Reviewer:Steve Carras -
August 30, 2011 Subject:
Correction for last reviewer
If you look at open, it's John Sutherland, a rival of Jerry Fairbanks, not Jerry himself. Understandble mix-up though.
April 29, 2005 Subject:
Because it's fun!
Another great Jerry Fairbanks cartoon. Honestly, I am not too sure why this guy didn't rival disney in the feature films department, because this animated film is great!
This talks about the worker frustrated that, while his pay goes up, prices go up as well! It is then explained to why this is, and offers solutions (albeit somewhat primitive) to resolve this dilemma.
This all sounds rather dull, but some rather funny killer animation is happening here with some very clever ideas (check out the auto asembly line and the way beef goes to market!). Also add some very funny characters and you've got a MUST SEE on this site!
Reviewer:Steve Nordby -
December 5, 2003 Subject:
Joe, the king of dolls production
In the spirit of films produced by Harding College and John Sutherland, presents a tunnel vision capitalist view of economics. This time, rising prices are blamed on increasing wages for workers, so the only hope for wages to keep up is for workers to produce more. Cartoon hero Joe comes up with an idea to increase produtivity so his company's owners will earn more profits, and then he gets a raise. So make more money for someone else, and they will reward you with a bit of it. It is kind of a fun cartoon in Technicolor in spite of this simplistic view of economics.
What plays leap frog are wages and prices in a capitalist economy, as this film patiently explains to its Meet King joe-like hero, an employee at the Dilly Doll Company who gets upset after getting a raise and then finding out the price has gone up on his own company's product (this must have been the days before employee discounts). The explanation given for inflation is that labor costs so darn much. Essentially, the doll's higher price is directly attributed to worker Joe's raise, a depressing message to the workers this film was aimed at. But a way out is presented in the form of technologyadvances in manufacturing technology increase productivity and this supposedly keeps wages ahead of prices. I don't know much about economic theory, but this seems awfully simplistic and convenient to business owners. Besides that, the film has the patronizing tone of Meet King Joe. I doubt if many workers really bought this.
Ratings: Camp/Humor Value: **. Weirdness: **. Historical Interest: *****. Overall Rating: ***. Also available on An American Retrospective Through Animation.

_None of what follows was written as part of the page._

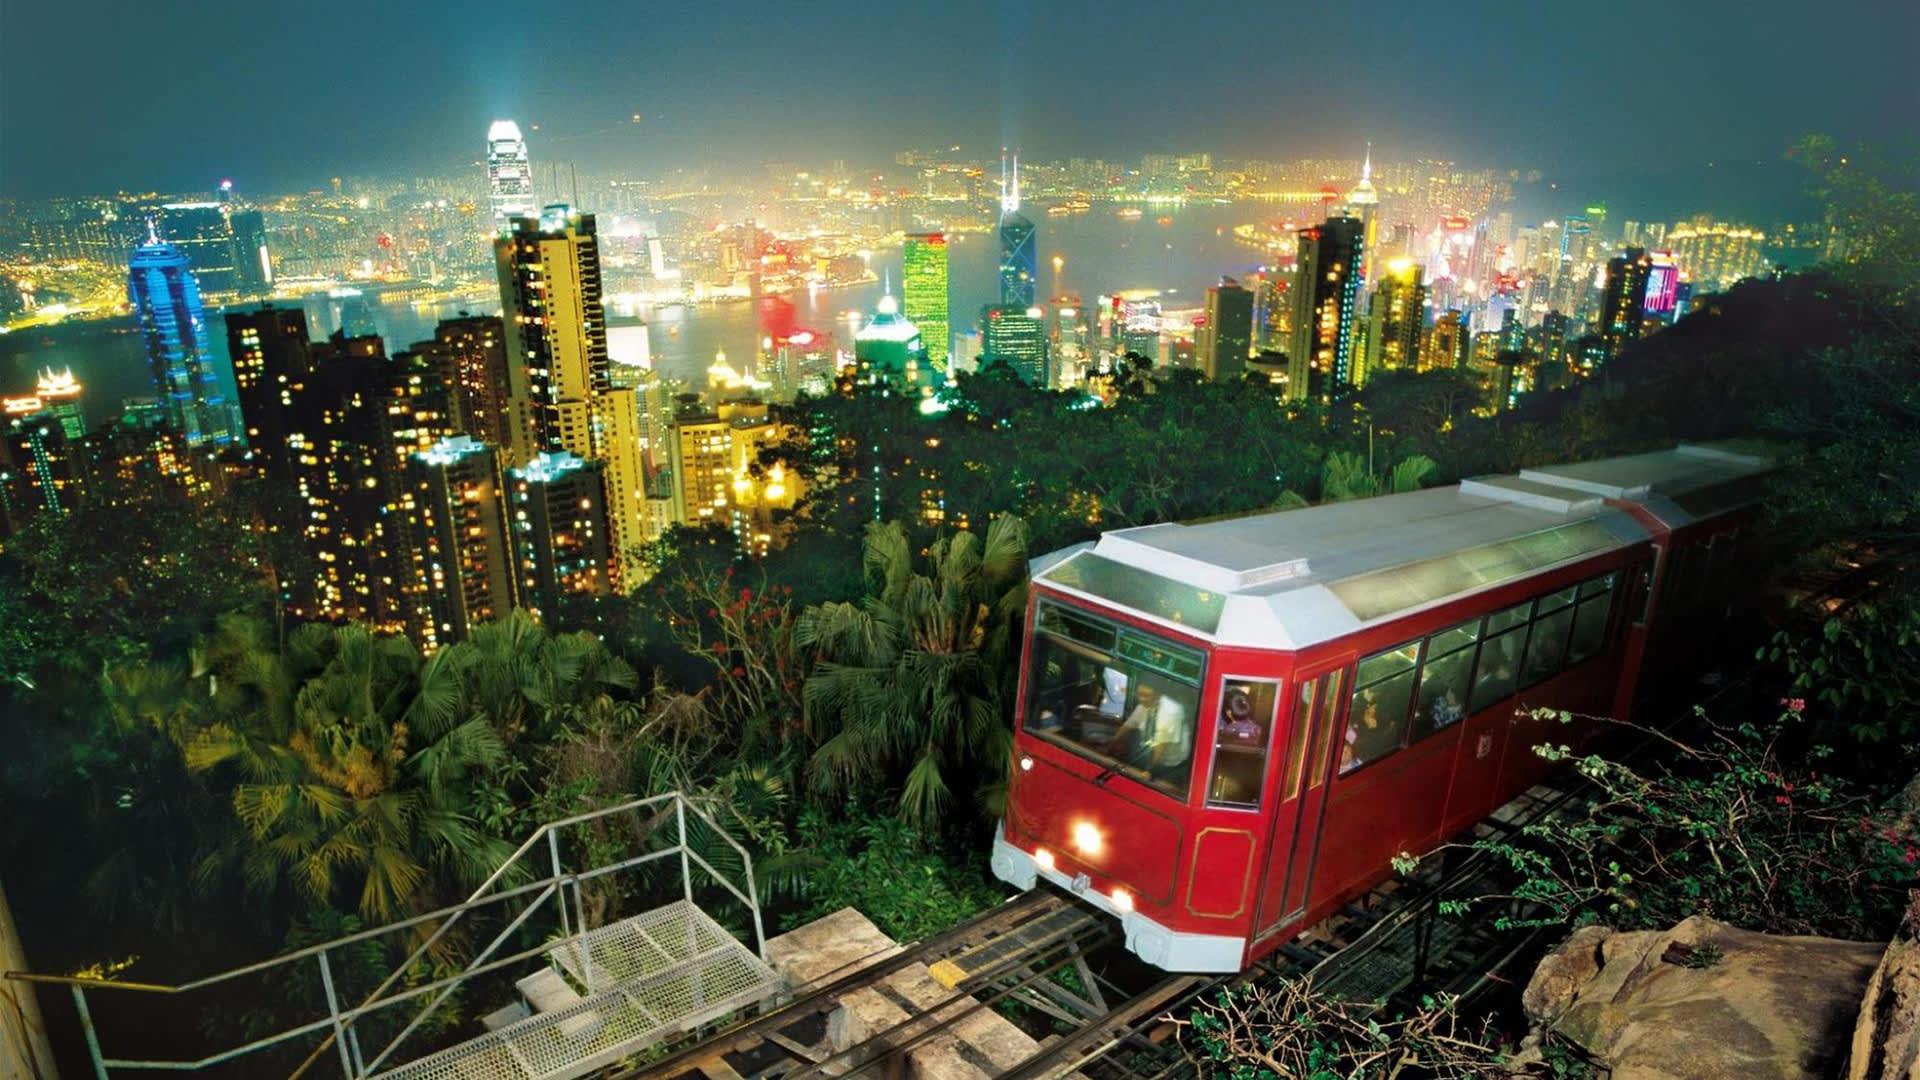 Hong Kong By Bay

WHY PLAY LEAPFROG?, the fourth in a series of economics films, shows through an animated Technicolor cartoon how increased wages based on increased productivity bring about increased purchasing power.
The film begins with a brief introductory sequence showing two cartoon figures -- one representing prices and the other representing wages -- playing leapfrog as each successively rises on the cost-of-living index. It then shifts to show Joe, a worker in the Dilly Doll Company, slightly down in the mouth because of a steady rise in the cost of living without an accompanying increase in wages. His joy over an increase in wages fades when he discovers that the price of a doll which he planned to buy for his little girl for a birthday present has also gone up. The manager of the store explains to Joe that he has had to increase the price because the factory is charging more.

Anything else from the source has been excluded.